熱血!茨城県庁職員スペシャルトーク

熱意と行動力が旅行会社と
FDAを動かした!
年間チャーター便80便、
4,500人以上の搭乗者数を獲得

ドラマ「半沢直樹」のロケ地にもなり、注目を集めている茨城空港。
もともと防衛省・航空自衛隊が管理・運営していた「百里飛行場」に、茨城県が民間空港としての共用化を進め、2010年3月、国内98番目の空港として開港。国が新規空港建設を抑制していることから「国内最後の空港」といわれています。

FDAは、2016年度から茨城チャーター便を運航。初年度は8便からスタートし、2019年度には年間80便、搭乗者数は4,678人と実績を伸ばしてきました。そんな茨城チャーター便実績の裏には、茨城県庁職員の方々の熱い思いとさまざまな努力が…。今回は、茨城チャーター便陰の立役者、3人の茨城県庁職員の方々に、話をお聞きしました。

2016~2017年度担当飯塚さん
(写真左/通称:アニー)、
2017~2018年度担当平野さん
(写真右/通称:ダニー)、
2019年度担当高野さん
(写真中央/通称:マイマイ)

伝わった熱意!
わずか3カ月で
チャーター便を実現!

茨城空港は2010年3月の開港時には、定期便はアシアナ航空のソウル便のみで、国内線は4月にスカイマークの神戸便が就航という多難な船出でした。
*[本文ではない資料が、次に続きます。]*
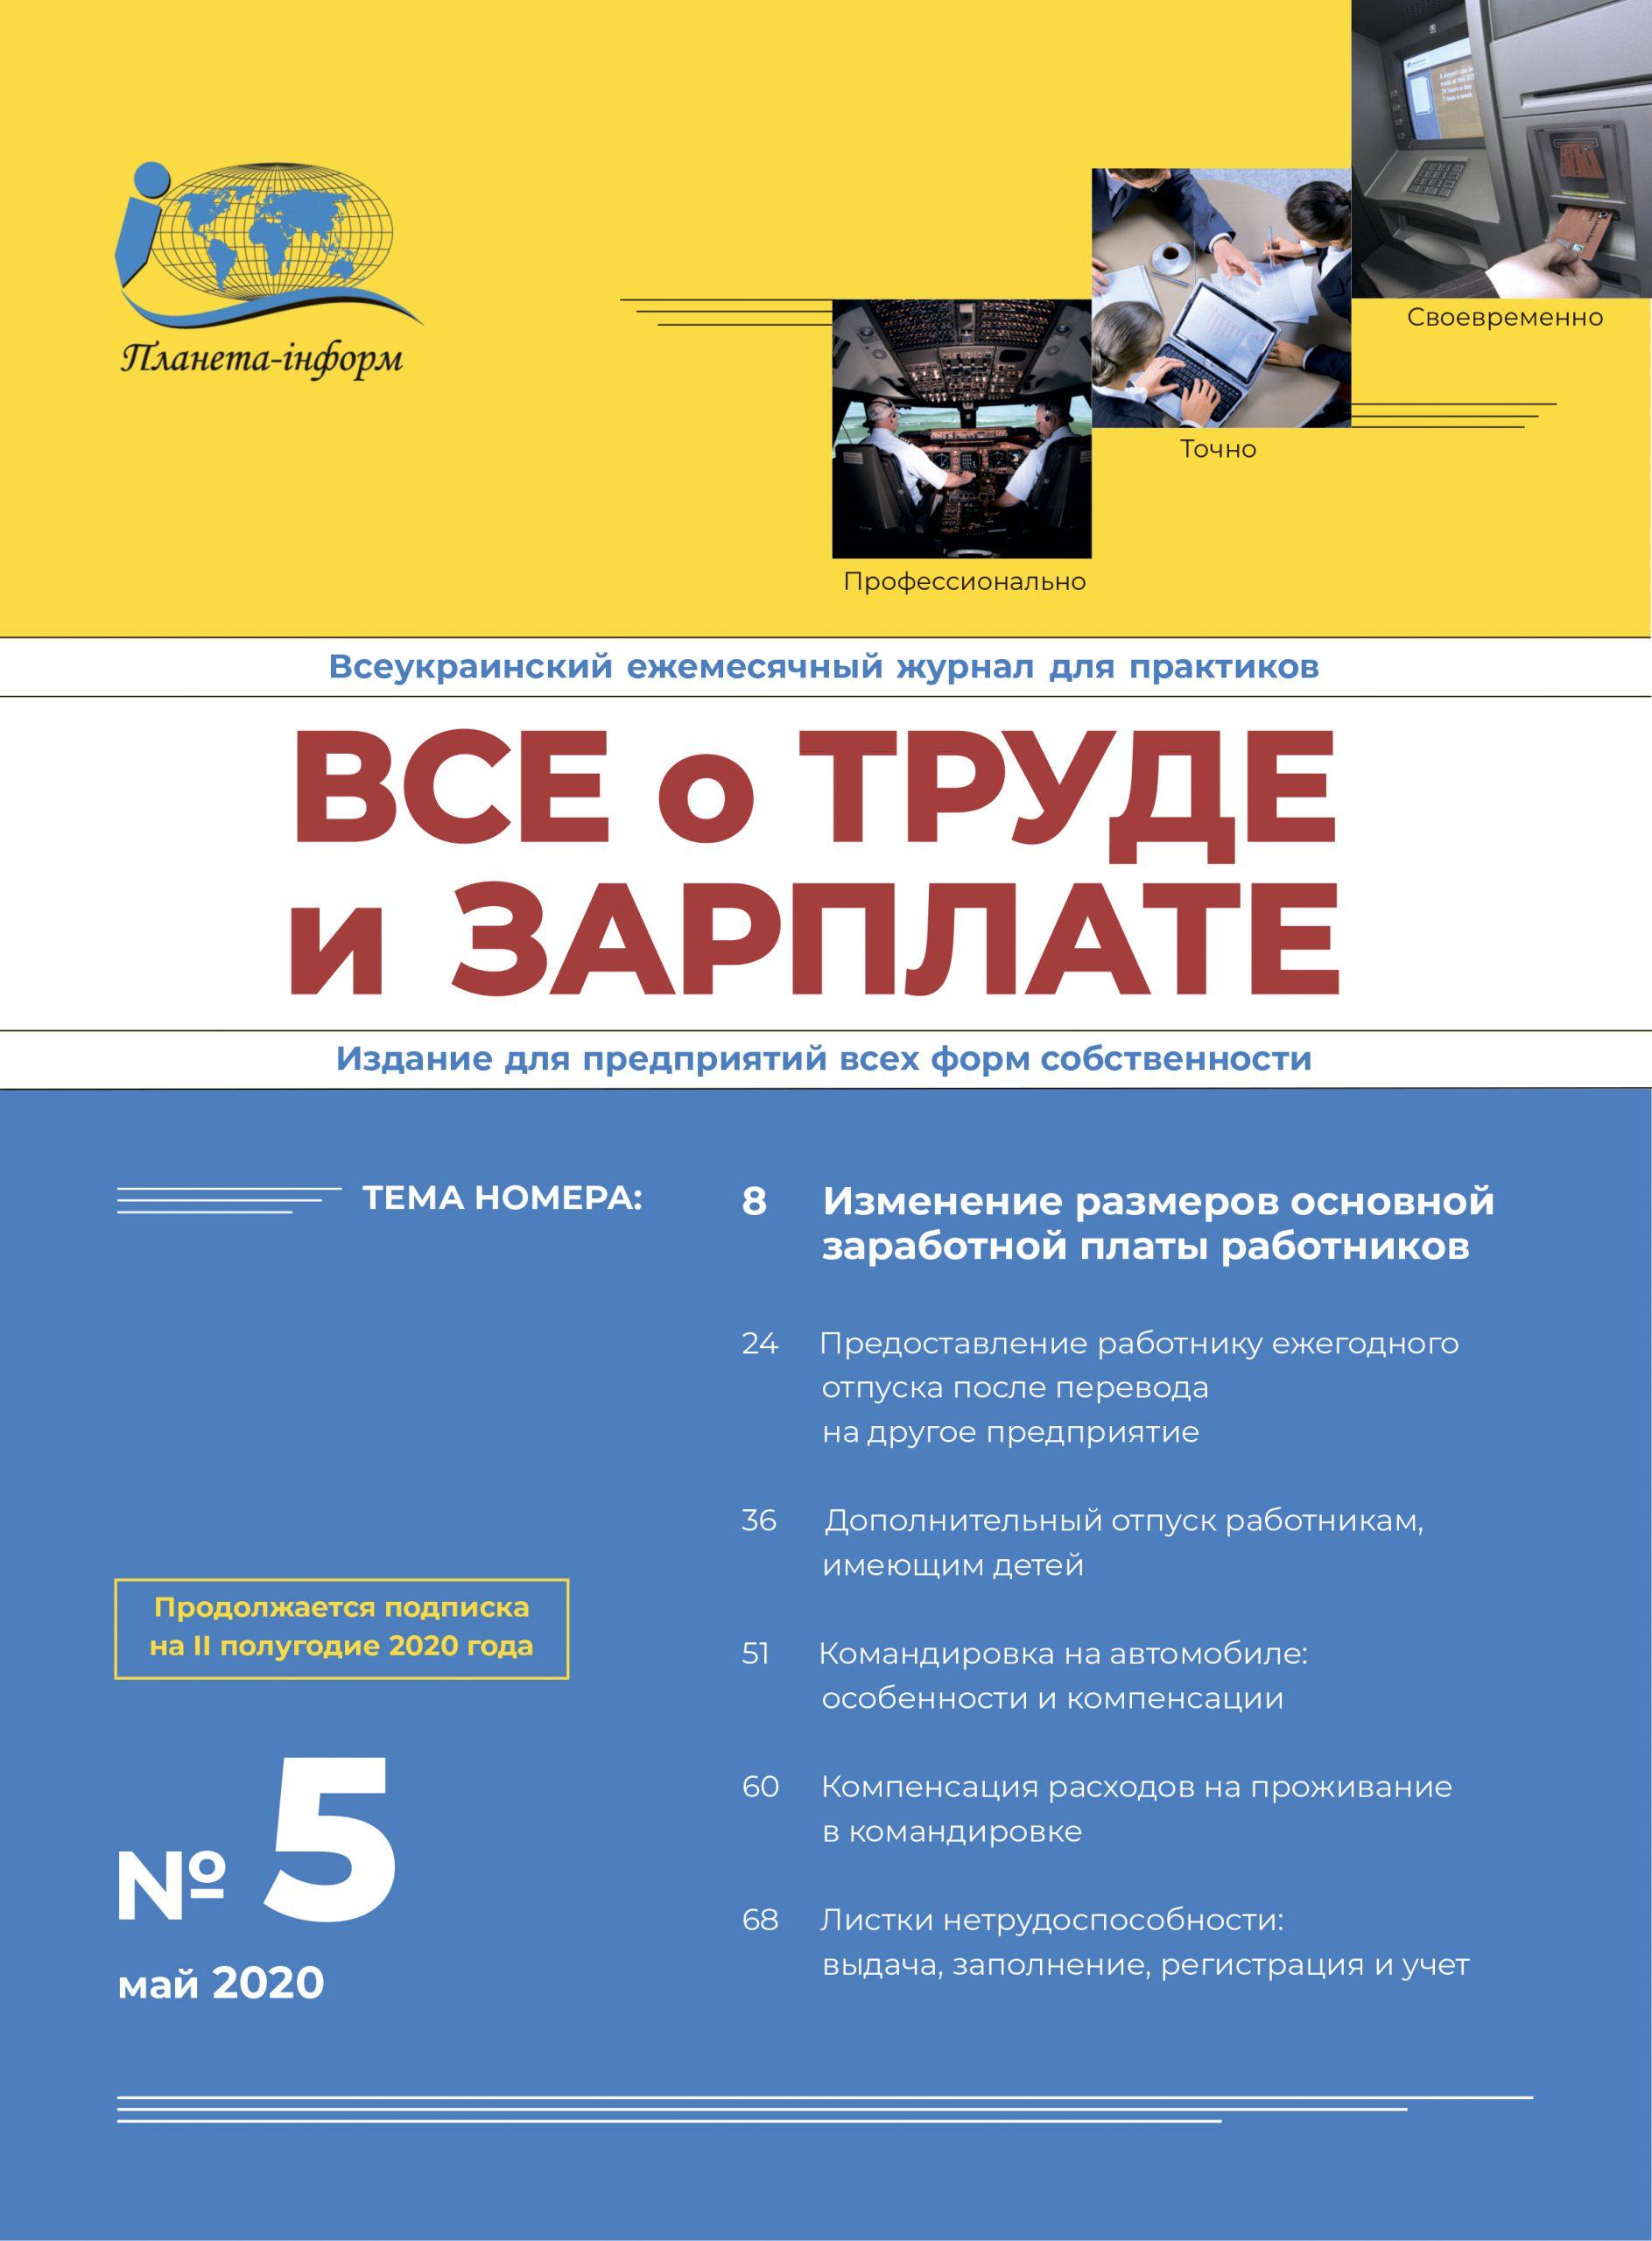 Журнал «Все о труде и зарплате» № 5/2020

チャーター便も2010年は開港記念ということもあり、運航本数もそこそこありましたが、翌年以降のチャーター便は年間数本と苦戦。空港対策課は、頭を抱えていました。

そんな時、旅行会社の方からFDAがチャーター便に力を入れていることを聞きました。「茨城空港でもチャーター便を飛ばせるかも」その言葉に希望の光を感じ、FDAチャーター事業部の山田部長を紹介してもらいました。
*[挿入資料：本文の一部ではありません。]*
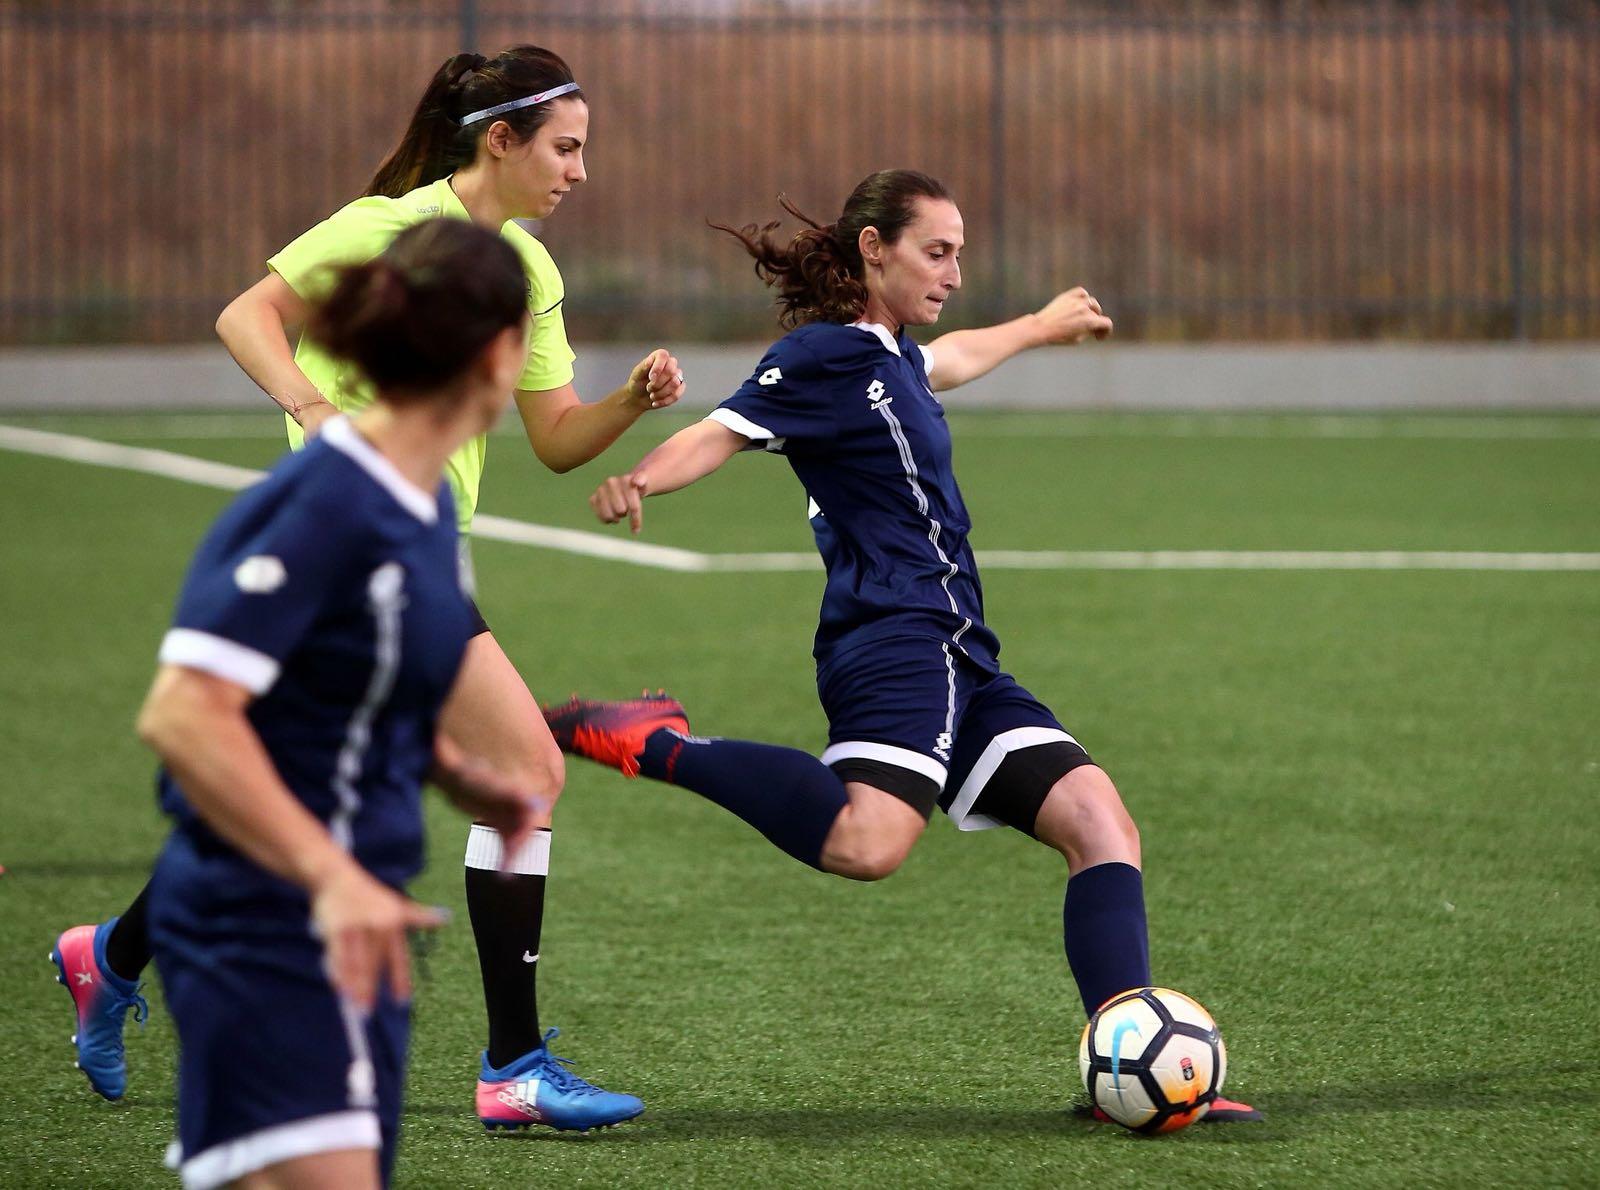 כדורגל נשים (צילום: באדיבות ההתאחדות לכדורגל)

それが、2016年3月。年度末の多忙な時期ではあったのですが、上司と二人、スケジュールを調整して会いに行きました。そして、茨城空港のこれまでの苦悩と、自分たちの思いをぶつけたんです。

茨城空港は羽田、成田からほど近い空港であるため、FDAさんとしては懐疑的だったと思いますが、私たちの情熱を信じていただき、それからわずか3カ月後の6月に、茨城―稚内チャーター便を実現することに!企画から発売までの期間は、たったの2カ月間。FDAチャーターにおいても、こんな短期間でチャーター便を実施したのは、茨城―稚内チャーター便以外、他にはないそうです。

2016年6月、茨城チャーター便初運航

酸味と甘味のバランスが絶妙の濃厚「おみたまヨーグルト」と、つぶあんたっぷりの人気商品「茨城空港どら焼き」

茨城県と空港がある小美玉市は一丸となって、それぞれのご当地キャラクターとともにFDAの飛行機をお出迎えし、エプロン(駐機場)で機長への花束贈呈セレモニーのほか、出発されるお客様全員に小美玉市の名物「おみたまヨーグルト」と地元和菓子店が作る空港名物「茨城空港どら焼き」を県と市の職員が手渡しでプレゼントさせていただきました。
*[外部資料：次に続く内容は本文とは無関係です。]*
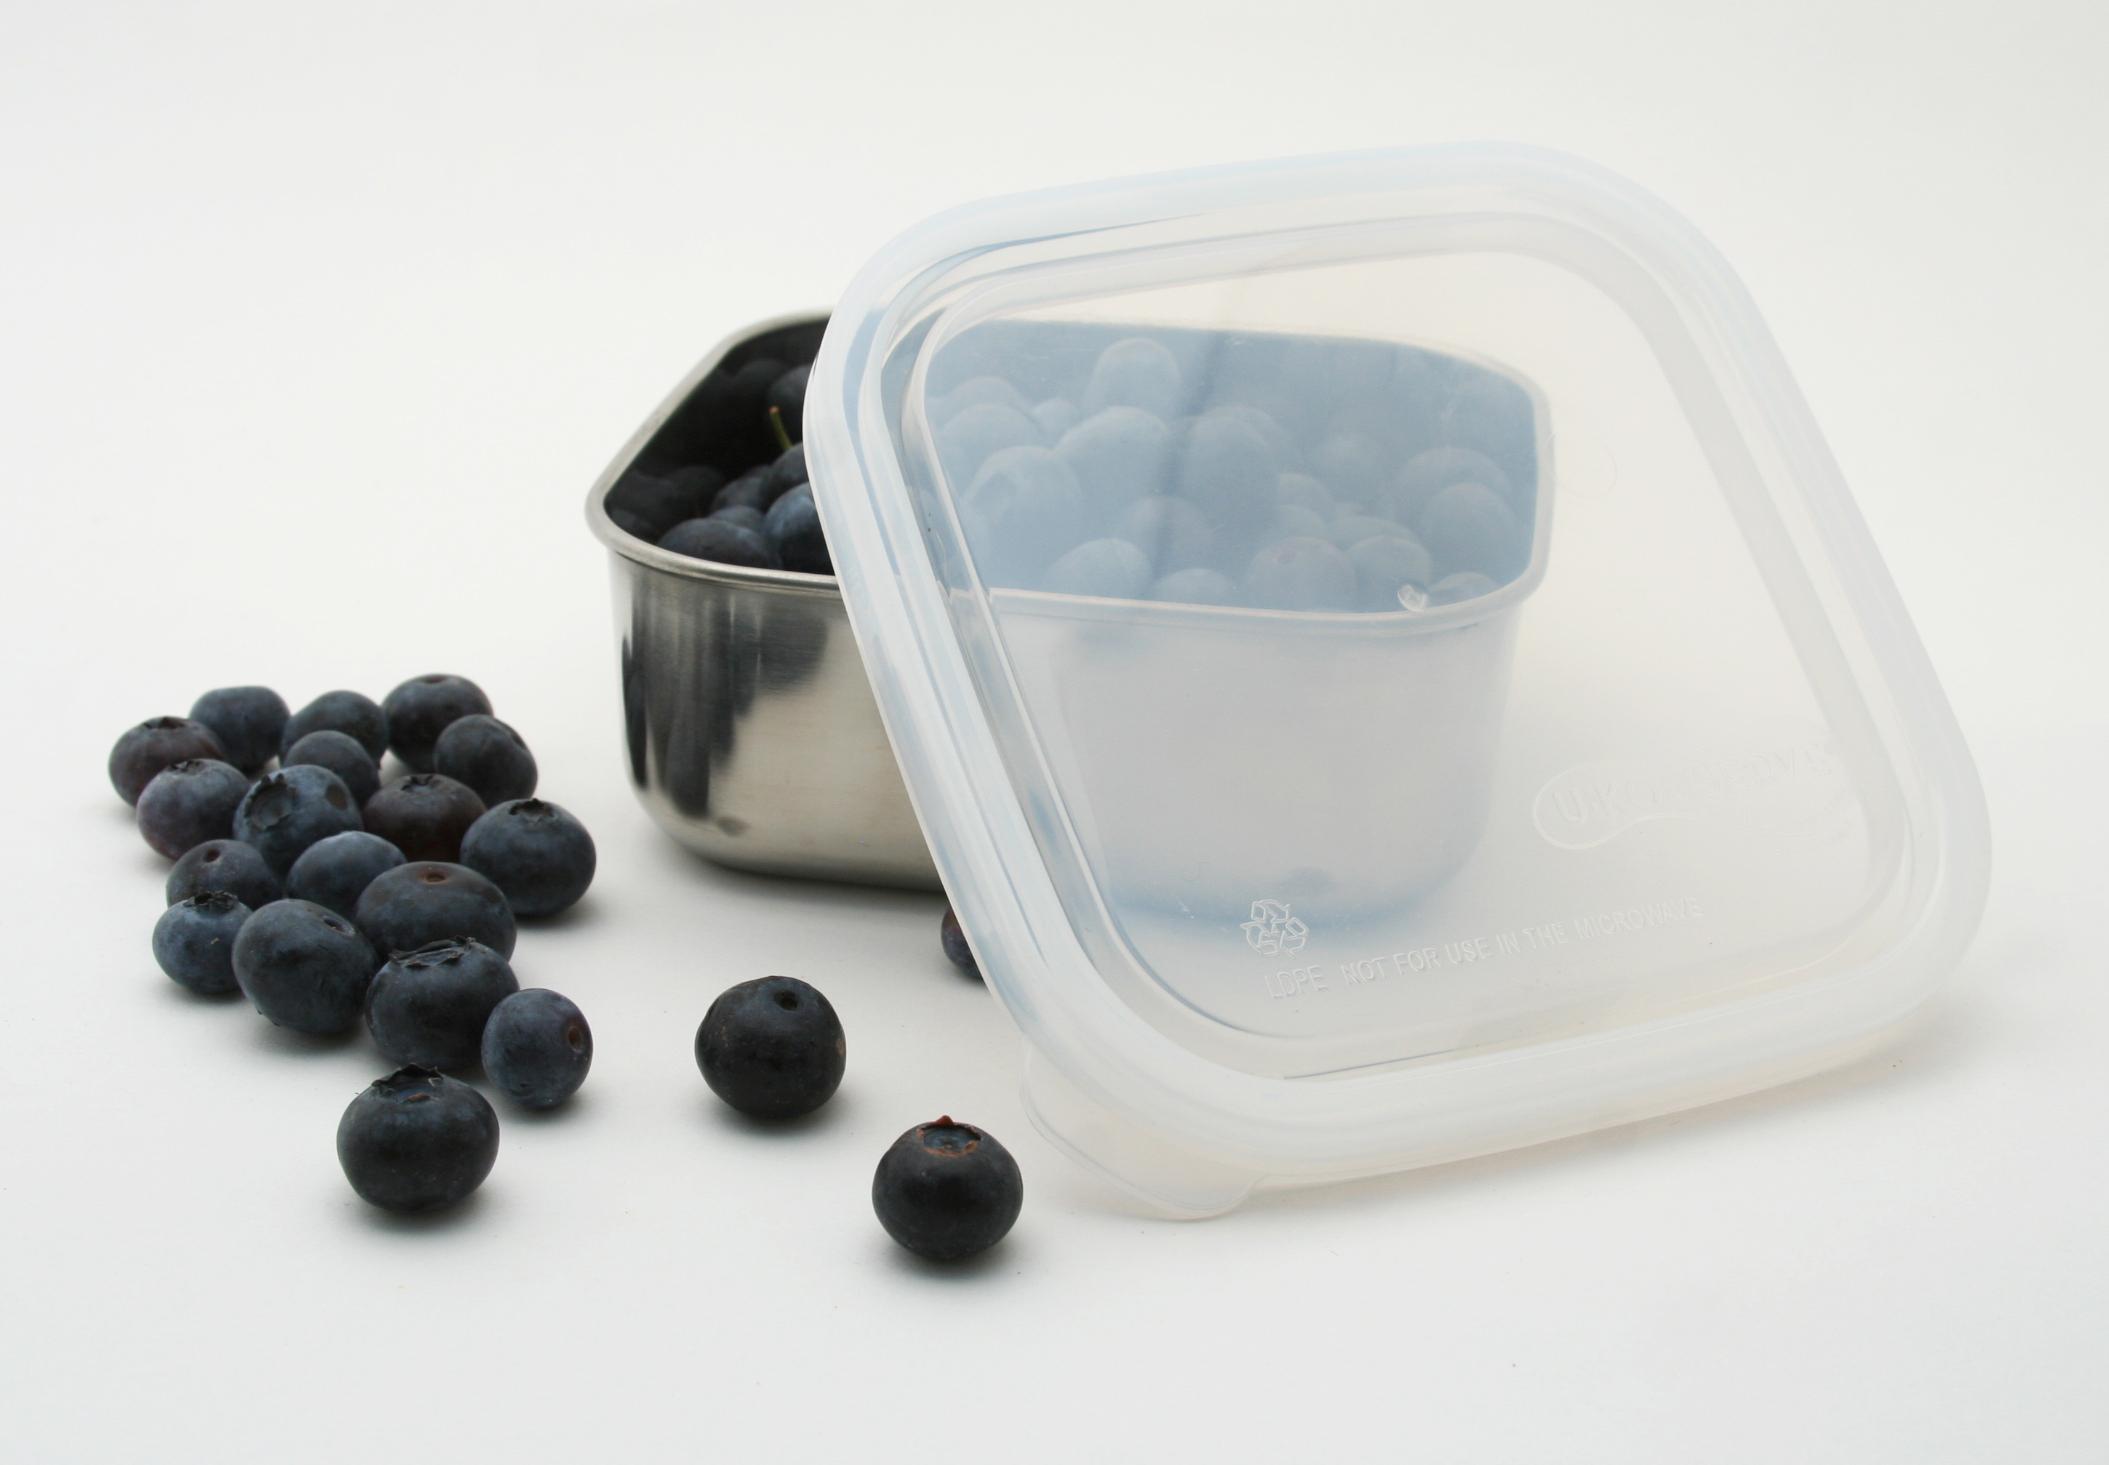 UK034_blueberries2.jpg

このチャーター初便以来、茨城県と小美玉市はタッグを組んで、毎回、職員によるお見送り、お出迎え、お客様へのプレゼントを続けています。

県庁から空港までは、約40分あるのですが、朝早い出発便だったり、夜遅い戻りの便だったりしても必ずお客様をお見送り、お出迎えさせていただいています。FDAさんには、そのことを高く評価いただいているようです。

チャーター便の実績を
積み上げるために
やれることは何でもやる!

チャーター便を企画するのは、旅行会社です。なので、旅行会社に“茨城は売れない儲からない”と思われてしまうと企画してもらえません。満席近くになるまで席が売れ、“茨城チャーター便は儲かる”という実績を継続的に作ることが、旅行会社への信頼と実績につながり、多くのチャーター便を企画してもらえることに。そして、そのチャーター便実績の積み上げが、定期便就航につながる―。
そんな思いで茨城県としては、地元の方に利用してもらうアウトバウンドに力を入れています。

県独自でチャーター便の販売チラシを制作し、駅で配布

販売用ポスターやチラシを制作し、さまざまなイベントなどにも出展してチャーター便をPR

チャーター便をより多くの人に知ってもらい、利用してもらうため、自分たちがやれることは何でもやろうという思いで取り組みました。県独自でチャーター便の販売チラシを制作し、駅でチラシ配りを行ったり…。配布する前日にプレスリリースを打ち、メディアでチラシ配りを取り上げてもらいつつ、チャーター便の告知をしてもらったりなどなど。
このような努力の甲斐もあり、初年度から夏は稚内、冬は久米島・宮古島と、合計8便が運航されました。

2017年、目玉企画が誕生!

HISさんが2017年~2018年の年末年始に、全国から長崎に飛ばす一大イベントを企画されたんです。その企画で、HISさん初の茨城発国内チャーター便を実施していただくことになりました。初めてのHISさんとの企画で、初めての茨城―長崎チャーター便ということもあり、何か盛り上げられたら、と思いました。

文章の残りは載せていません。